Computational analysis of materials requires a suitable behavioural model to be chosen. The methods used were the Quasi-Harmonic Approximation (QHA) and Molecular Dynamics (MD).

Methodology

All calculations and simulations using both the QHA and MD models were performed using the General Utility Lattice Program (GULP), with visualisation provided by DL Visualise.

MgO Lattice Energy

The potential energy (U(r)) of each pair of ions was modelled using the Coulomb-Buckingham potential;

${\displaystyle U(r)=A{e}^{(-Br)}-\frac{C}{r^6}+\frac{q_1{q}_2}{4\pi {ϵ}_{0}r}}$

Where ${\displaystyle r}$ is the interionic distance, ${\displaystyle q_1}$ and ${\displaystyle q_2}$ are the ionic charges (+2 and -2 for Mg and O, respectively), and ${\displaystyle {ϵ}_0}$ is the permittivity of free space. The first term represents the repulsion between ions due to electron cloud repulsion, the second caused by van der Waals interactions and the third is the electrostatic interaction. The constants A, B and C are provided by experimental results, and so describe realistic interactions between ions within a given structure (Table 1).

Table 1: MgO Coloulomb-Buckingham parameters.

Ion Pair	A	B	C	Cutoff Distance (Å)
Mg-O	0.130E+04	0.300	0.00	12.00
O-O	0.228E+05	0.149	27.9	12.00

The cutoff distance describes the maximum ${\displaystyle r}$ values at which the short range attractive and repulsive energies need be calculated; at higher separations, only the Coulomb electrostatic interactions are significant enough to be included. The total potential energy across all pairs of ions provides the lattice binding energy.

Phonon Density of States

The term 'phonon' is used to describe coupled vibrational motion of a series of atoms within a crystal lattice.

The relationship between the vibrational frequency (${\displaystyle \omega }$) and wave vector (${\displaystyle k}$) is known as the dispersion relation. For a system featuring only two types of ion (of masses ${\displaystyle m_1}$ and ${\displaystyle m_2}$), separated by distance ${\displaystyle a}$, with force constant ${\displaystyle K}$, the dispersion relation is as follows:³

${\displaystyle {\omega }_{\pm }^2=K(\frac{1}{m_1}+\frac{1}{m_2})\pm K\sqrt{(\frac{1}{m_1}+\frac{1}{m_2}{)}^2-\frac{4si{n}^2(\frac{ka}{2})}{m_1{m}_2}}}$

In the case where ${\displaystyle k}$ equals zero, (${\displaystyle \omega }$) can be either zero (in the case of subtraction of the second term) or at a maximum (in the case of addition). These two cases define two possible 'bands'; the accoustic band for the former, and the optical band for the latter.

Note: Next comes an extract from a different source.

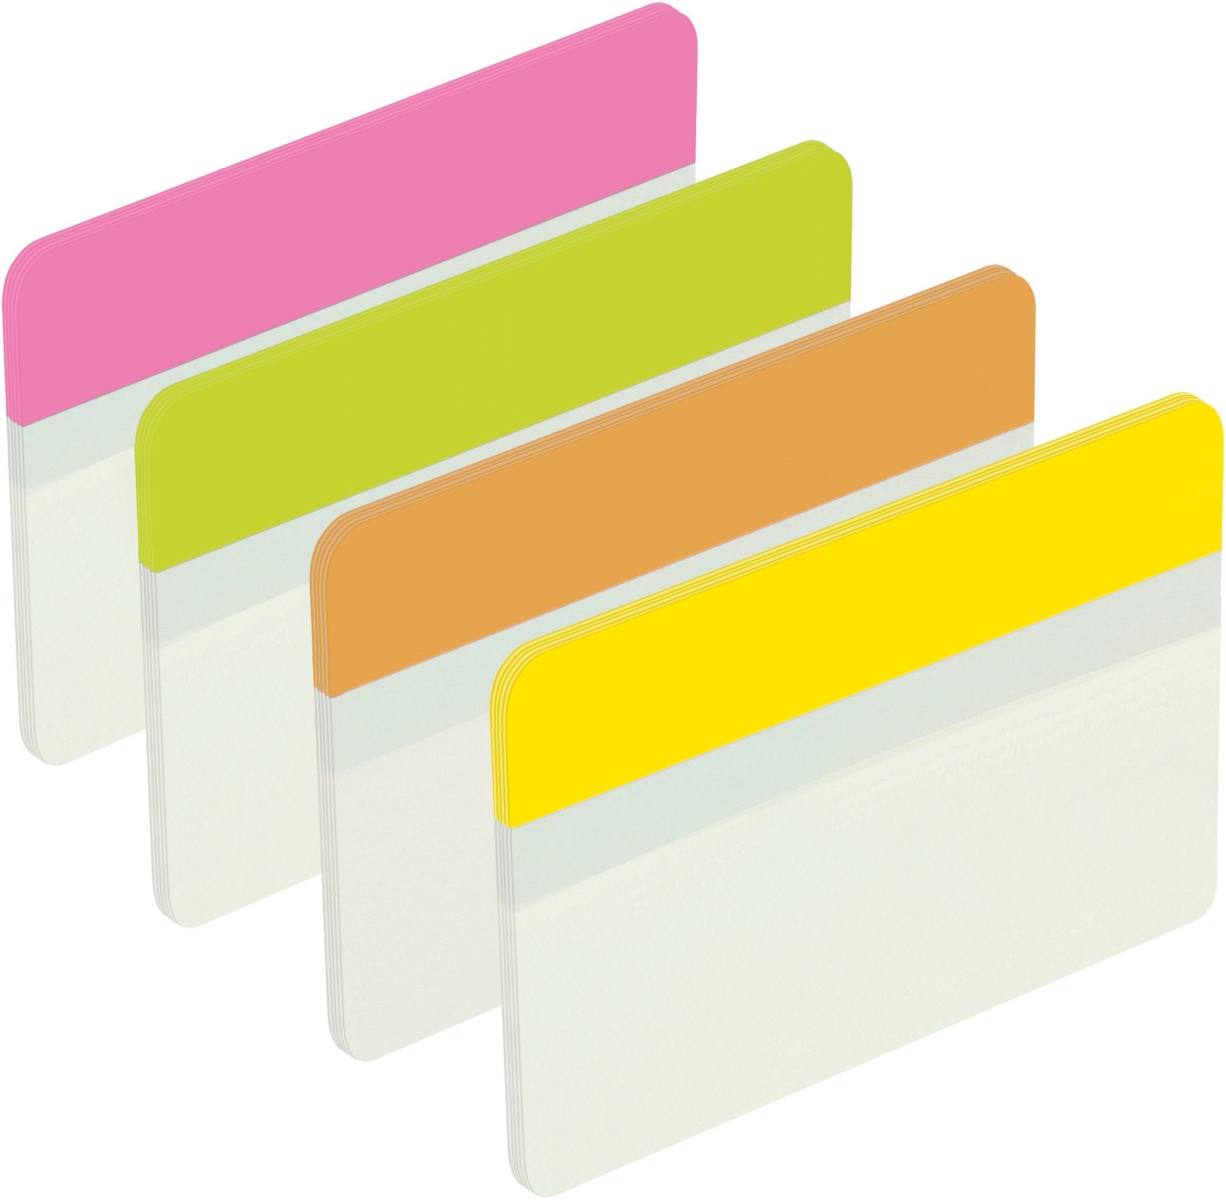 3M Post-it Index Strong 686-PLOY, 50,8 mm x 38 mm, keltainen, vihreä, oranssi, vaaleanpunainen, 4 x 6 liimanauhaa
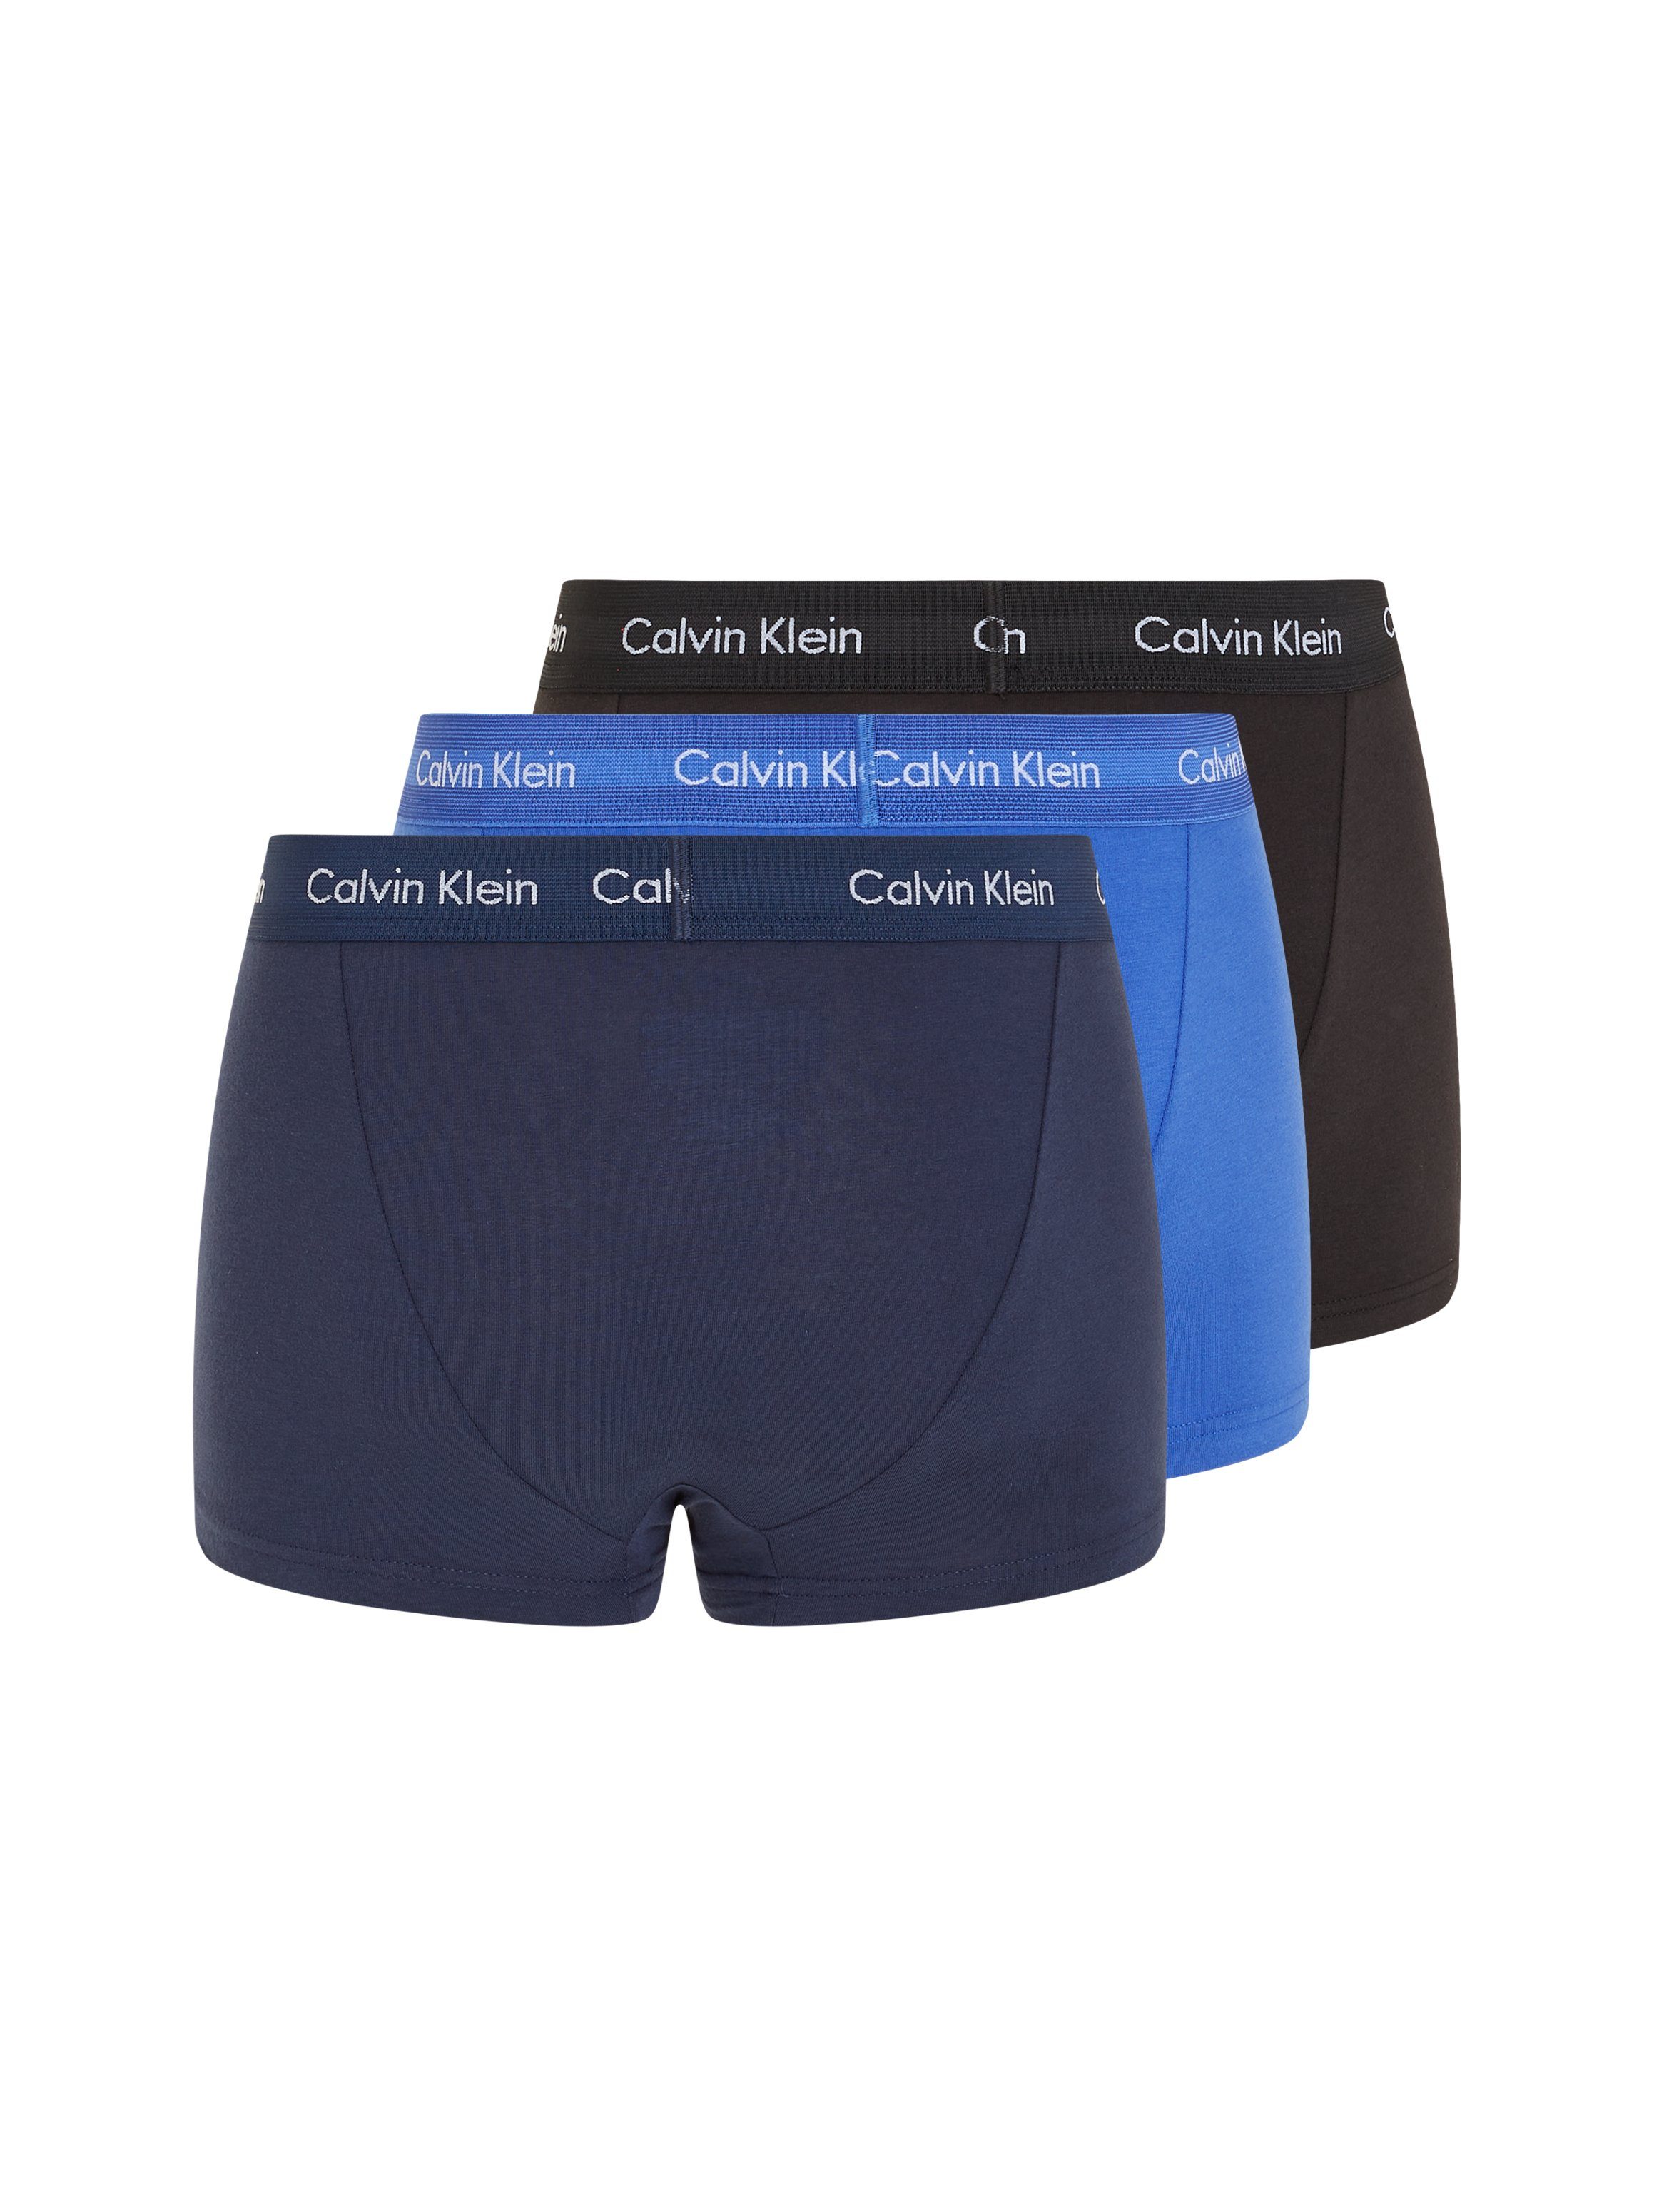 Calvin blautönen Klein Underwear (3-St) Hipster in

Systems with two different ions composing the primitive cell (as is the case for MgO) feature three accoustic branches and 3N-3 optical branches, where N is the number of ions in the unit cell. The phonons of accoustic branches involve both ions moving in the same direction. Optical branches describe phonons in which the two ions vibrate in opposite directions to one another (Fig. 1).

The phonon Density of States (DOS) is defined as the number of such vibrational states (${\displaystyle n}$) per energy interval:

${\displaystyle DOS(E)=\left|\frac{dn}{dE}\right|}$

The DOS can therefore be extracted from the inverse gradient of the dispersion relation graph. Regions of the dispersion curve with smaller gradients therefore correspond to energies with high density of states. By varying the resolution of k-space within the GULP calculations (by dividing it into an increasingly fine grid), the DOS curve was shown to vary with the shrinking factor used. The shrinking factor was increased until the DOS curve converged to a constant shape.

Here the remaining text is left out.